Utility class to manipulate dataset from CSV file
MIT License
67 stars 8 forks source link

Converting categorical values (strings) to integers while keeping a translation table #4

Closed gforge closed 8 years ago

gforge commented 8 years ago

Quite frequently data in a CSV represents a non-numeric variables, e.g. male/femal, dog/cat/horse and it would be useful to import these as strings, convert them into integers between 1 and #myDF:unique("String Col")), i.e. the behaviour of pandas categorical dtype.

Keys

The keys for the conversion should be saved in a separate translator table initiated in the __init(). There are generally two directions for factors to/from numeric value. I suggest that one table, the to numeric is kept in a self.categorical that has keys according to column names.

New functions

Dataframe:as_categorical A factor conversion function for populating the self.factors combined with converting the values to numerics. Updates also the self.schema. Dataframe:to_categorical Takes a number, a tensor or a table and converts it to a string value or a string table if length > 1 Dataframe:from_categorical Takes a string, or a table of strings and converts them to a factor according to the key value

Adaptation of functions

update/insert/set Any change must be checked. If a numeric value is entered in a categorical column, should this be accepted or should we force the input to match the key table? load_csv/load_table should call __init() before running to clear all data including the categorical table _refresh_metadata should also include a check if the categorical is still present in the dataset get_column should have an option of getting categorical_as_string = true for forcing strings as default. reset_column should delete the categorical data and issue a warning rename_column must update the categorical table fill_na and fill_all_na must respect the categories. Not sure how to approach the default case for fill_all_na to_csv should create a copy with strings before passing the dataset onto csvigo head/tail/show/unique need to have categorical_as_string = true option where needs to check if the column is a categorical, perhaps add the categorical_as_string = true option

It is a rather extensive change that is needed but I would really love this feature. Any thoughts on the names or the approach?

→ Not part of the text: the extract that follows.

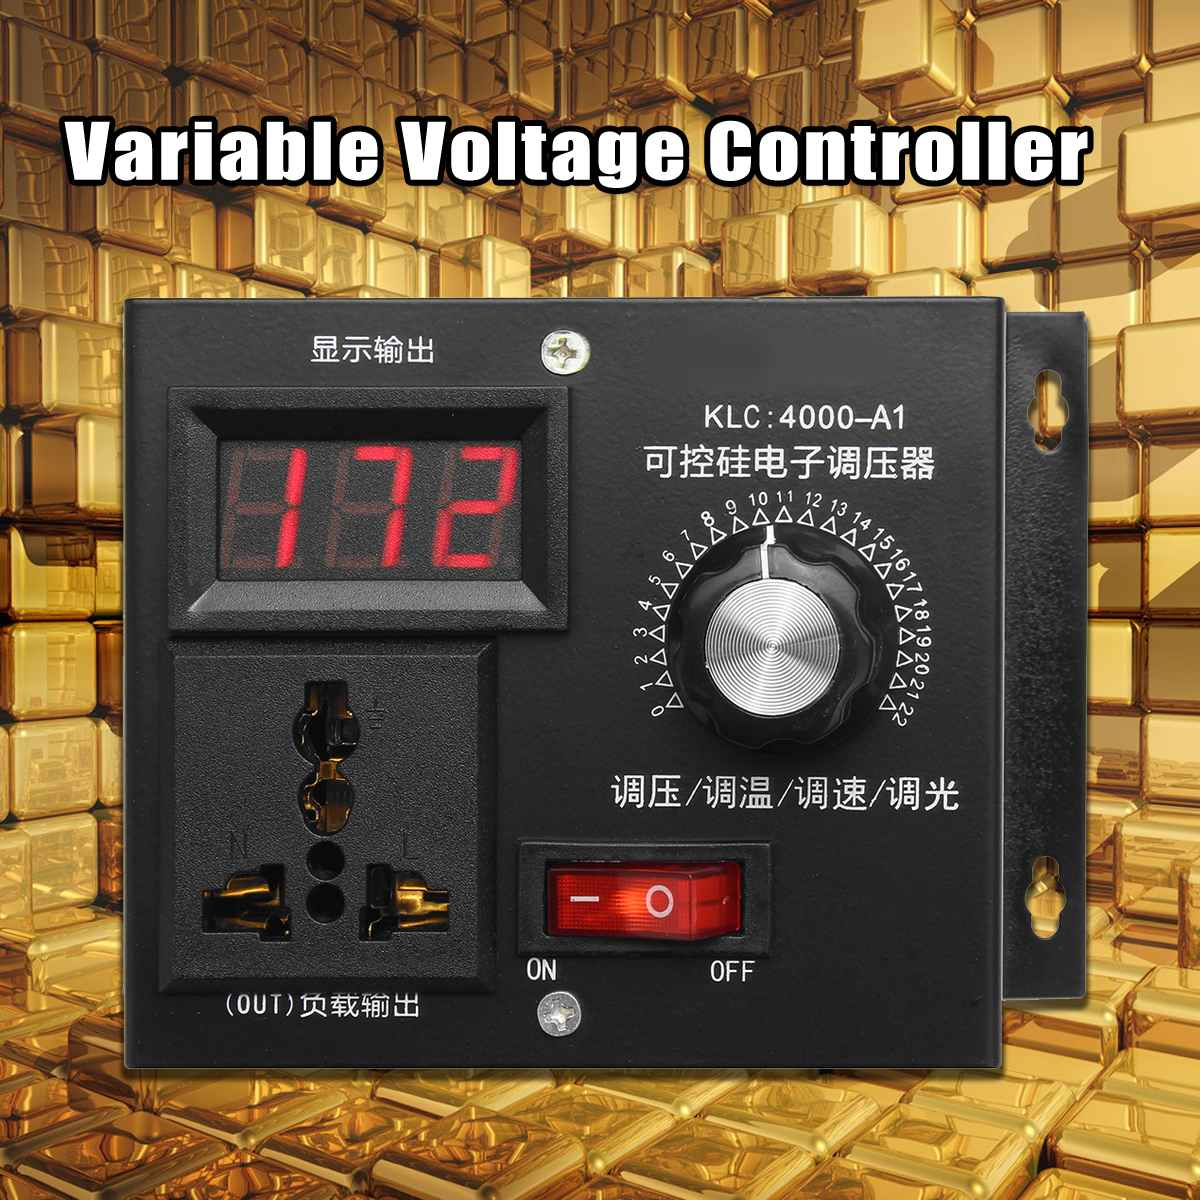 220V 4000W Universal Motor Speed Controller Variable Voltage Speed Regulator LED Display Motor Control Dimmer220V 4000W Universal Motor Speed Controller Variable Voltage Speed Regulator LED Display Motor Control Dimmer

AlexMili commented 8 years ago

I would totally need this feature too, it's a great idea !

Maybe it would be simpler to add the newly create categorical translation as a normal column, keep the factor as you described and handle the new column as usual. We also could handle new items insertion by offering automatic conversion between numerical values and categorical ones in the right column.

For update/insert/set I think it would be better to re-compute the categorical keys to add the new one (if it doesn't exist already of course)

What do you think ?

gforge commented 8 years ago

If I understand this correctly it would mean that we have two columns with the same information? I don't think that's a good idea:

I think that the function could btw use unique at the backend for generating the keys if we change the as_keys to return keynumbers ranging from 1 to #unique

AlexMili commented 8 years ago

You got a really good point. Let's do this